Gaming is fun, and fun is for everyone
I'm going to have to disagree about Dragonlance being a lock. And it is for the same reason TSR never was able to sustain it much after 1st edition. Once the novels by Weis and Hickman came out and shot into the stratosphere they quickly eclipsed everything else. Witness how many people here seem to think the setting was created by Tracy Hickman and Margaret Weis.

It wasn't.

The initial concept was dreamed up by Tracy and Laura Hickman, and then Douglas Niles, Harold Johnson, Larry Elmore, Jeff Easley and a whole lot of other TSR staffers that most have forgotten. Weis was an editor who was given the job of getting someone to adapt the modules into novels and then when she couldn't find a suitable author, did it her self. She was not an RPG designer but succeeded as a novelist beyond what anyone would have envisioned at the start of the project. (And Hickman himself rapidly transitioned to novelist more than designer)

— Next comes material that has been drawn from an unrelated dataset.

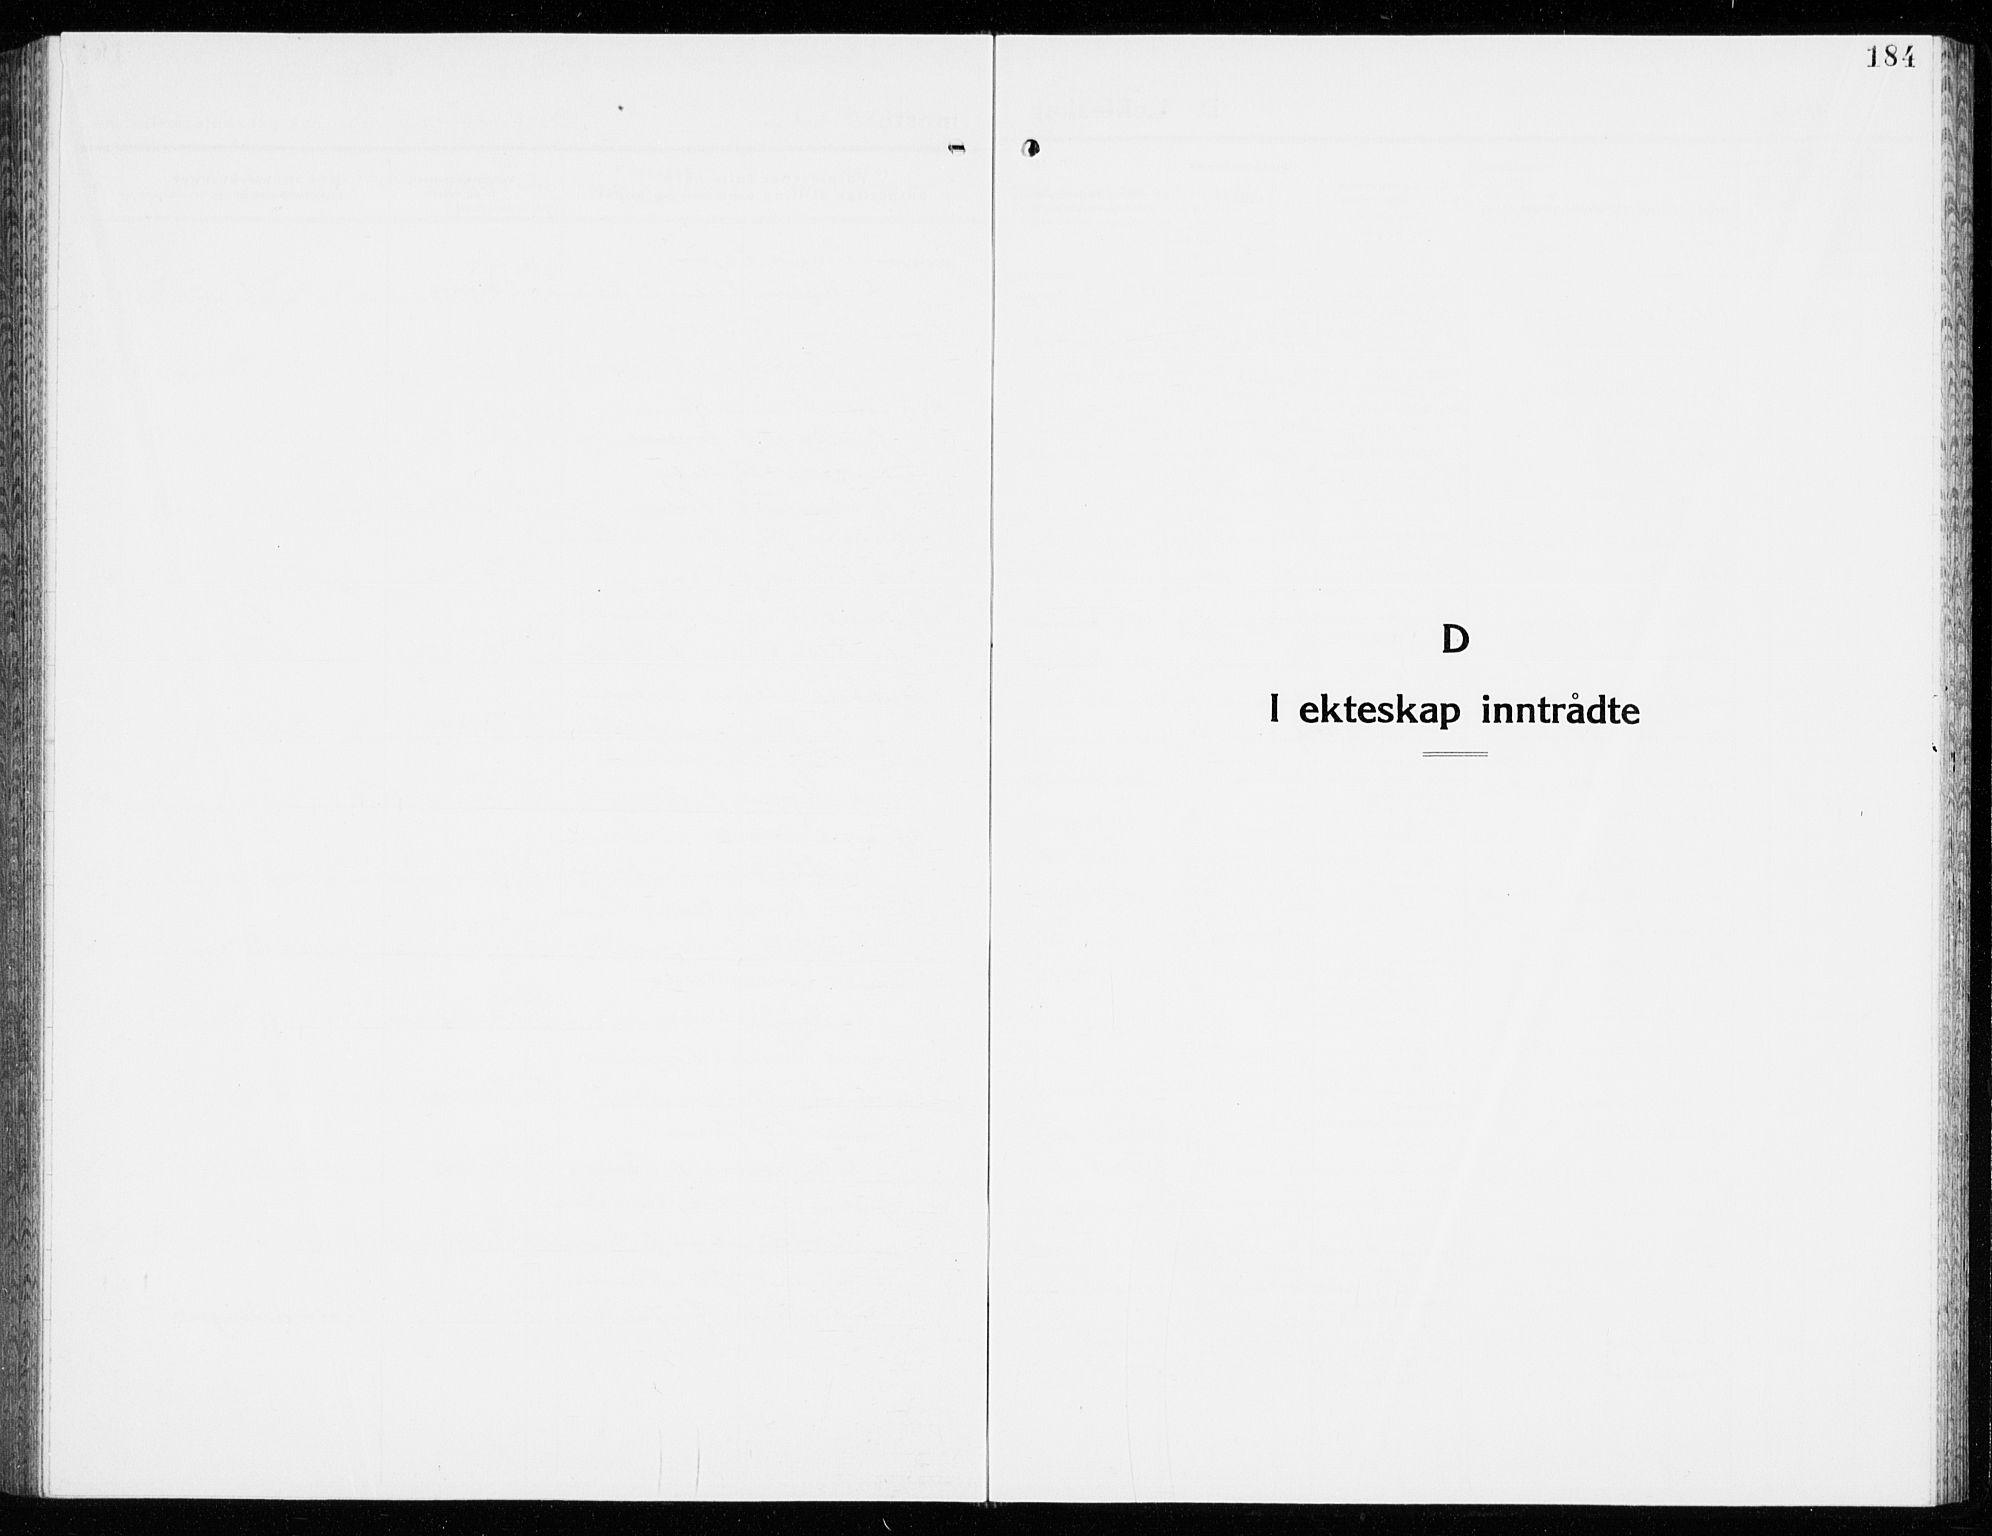 SAKO, Eidanger kirkebøker, G/Ga/L0005: Klokkerbok nr. 5, 1928-1942, s. 184
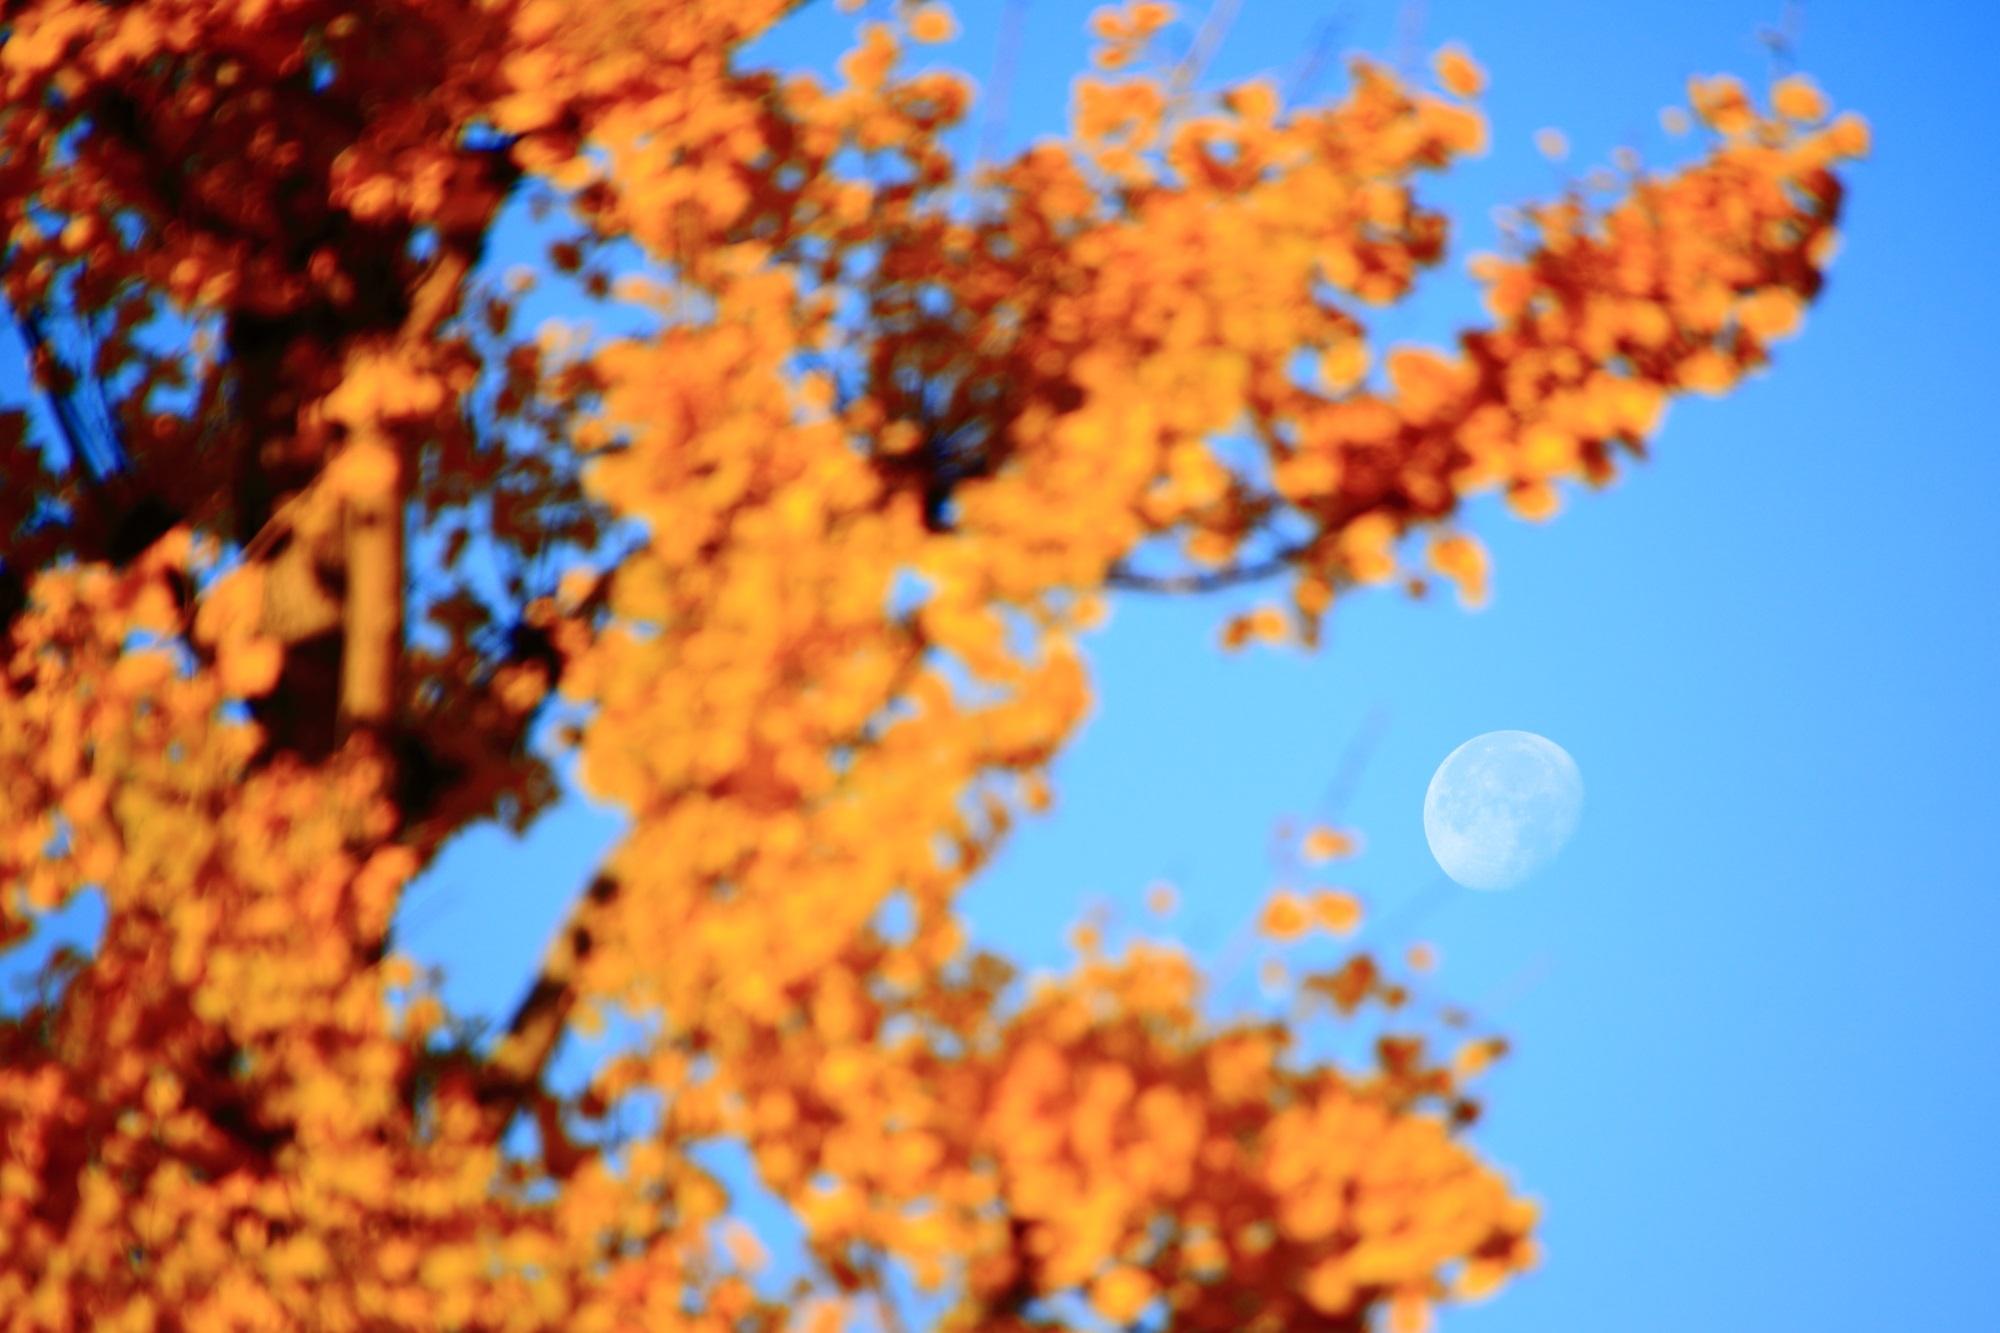 銀杏と青空に浮かぶお月さん

I don't disagree with the rest of your point, that the novels eclipsed the D&D setting, but I do think you're splitting straws here about "Who made Dragonlance." Yes it is true that Weiss wasn't involved in the initial concept, and I think uninformed people confuse Weis with Tracy's wife Laura in the famous "We came up with the idea on the drive to TSR."

But the Hickman's have always been at the center of Dragonlance, just like Ravenloft (though WotC does not need them to publish in 5e). And when Curse of Strahd was being made, the Hickman's were brought on to advise, so it's not impossible that this could happen.

That said, I definitely don't think it's a lock for one of these 3. Makes more sense as an adventure compilation a-la Ghosts of Saltmarsh IMO.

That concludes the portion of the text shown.